It feels like such a paradox to me.  I continue to be fascinated by the duality.  And lost for an explanation.

On the one hand, all of us are aware of the changes taking place in our society these days. We’ve repeatedly noted that common decency and civility are too rapidly disappearing on a grand scale. This seems most apparent in politics and on social media.

And yet, I don’t think this is the reality most of us notice as we daily encounter the variety of people in our lives.  Is it?  Am I being too Pollyanna here? It doesn’t feel that way.  It’s as if the forest is sick, but the individual trees are all healthy.  Why is this?

I first noticed the broader universality of this experience two summers ago when I spent seven weeks following the Missouri River from its source in Montana to its mouth near St. Louis.  I traveled over 6000 miles through 9 states of the upper Midwest, and I continually ran into the America and the Americans that most of us have grown up with.  By and large, people were consistently and overwhelmingly friendly, courteous, and respectful.   By a long shot.  Some of them became good friends, but all of them were strangers at first.

Moreover, my more recent travel experiences related to that trip (and its resulting book) are strikingly similar.  For the most part, I continue to encounter people who seem to be the proverbial salt-of-the-earth.  There are exceptions of course (especially in vehicles, it seems), but their infrequency seems to prove the rule.

And as an update, since I wrote this over 3 years ago, I should note that I continue to notice the phenomenon.  Invariably, if I bump into someone in (my admittedly limited) social setting – store, building, etc – and say “excuse me”, for example, I continue to get responses like “hey, you’re good, buddy” or “no problem” or “no, my fault”, or whatever.  This seems to me to be true regardless of whether they’re masked or unmasked, male or female or even wearing a MAGA hat or a Biden hat.  The rancor of the political divide seems to disappear in more intimate settings. Am I naive?

How do we explain the gap between the common decency most of us encounter daily, and the kind of rudeness, division, and hatred that seems to exist in politics and on social media?

Is it social media itself?  Is it that simple?  Do we, as a society and as individuals, continue to be courteous and civil in person most of the time, and then switch hats and change manners when we get online, losing both accountability and eye contact?  Or when we get in situations where we are in power?  I sense some truth there, but surely that’s not the only factor.  Any thoughts out there?

It won’t surprise you to learn that the more I encounter this paradox, the more I wonder.  Is there a role education can play to minimize the growing gap between these personal and societal behaviors?

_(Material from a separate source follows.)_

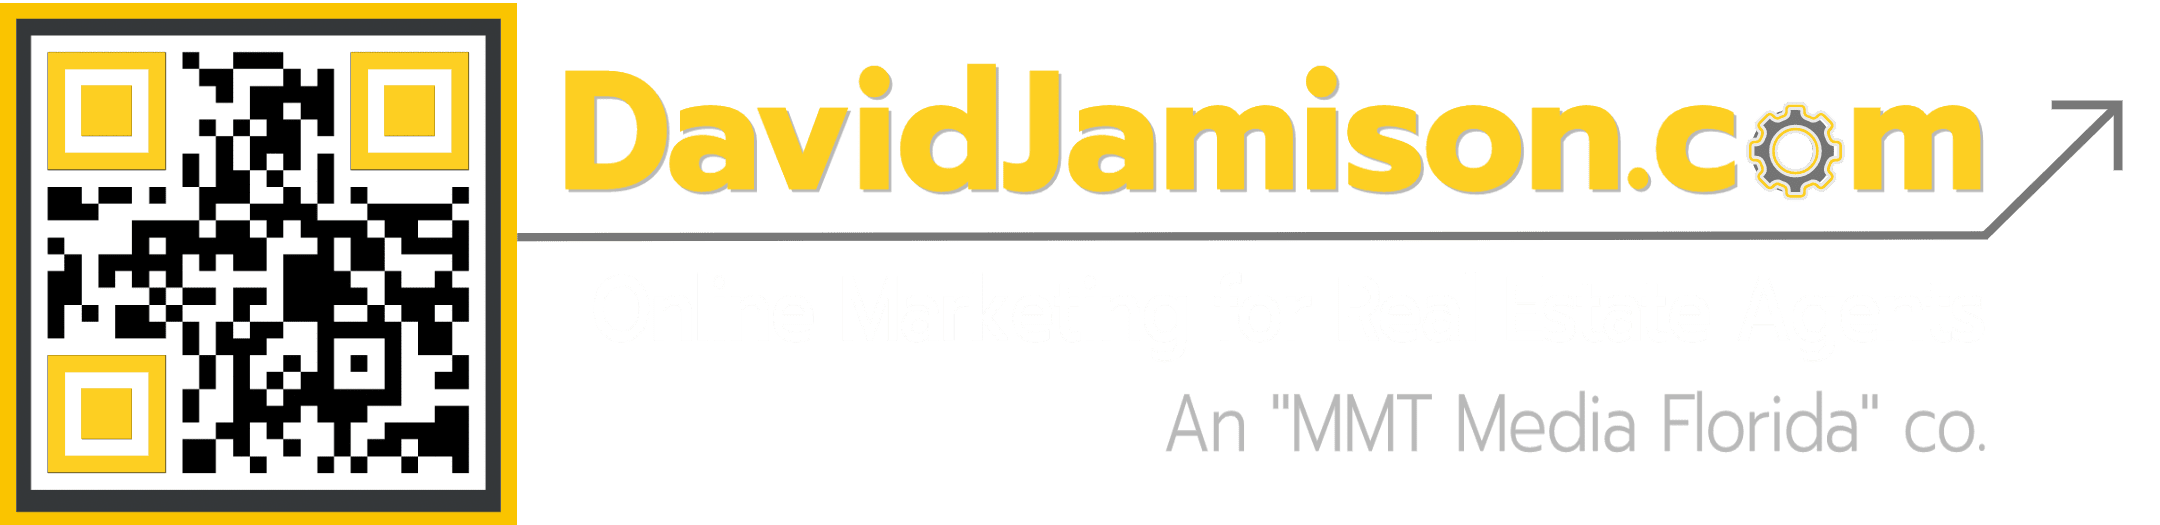 DavidJamison.com Logo (Update LF)

Perhaps that answer is no, but I don’t think so.  At the same time, this feels like another place where ‘education’ will have a much broader definition than one centered on only schools and classrooms.  Surely, this gap will be more effective as a three-pronged effort among parents, schools, and society in general.   We cannot and should not leave this to schools alone.  Indeed, it is probably true that a youngster’s attitudes towards decency in all situations are influenced as much, if not more, by families and society, than directly by schools.  This is not to minimize the role of schools in continuing to promote and reinforce overall decency.  It is instead to remind us of our own significant roles.

I suspect most of us are discouraged – even cynical – by the obvious decency deficiency that is so apparent in society now.  Perhaps we can take heart from the fact that it seems to be alive and well at our personal daily levels.  And perhaps we can be encouraged that we can play a role in the situation from the inside out, through our own self-awareness and through broader education.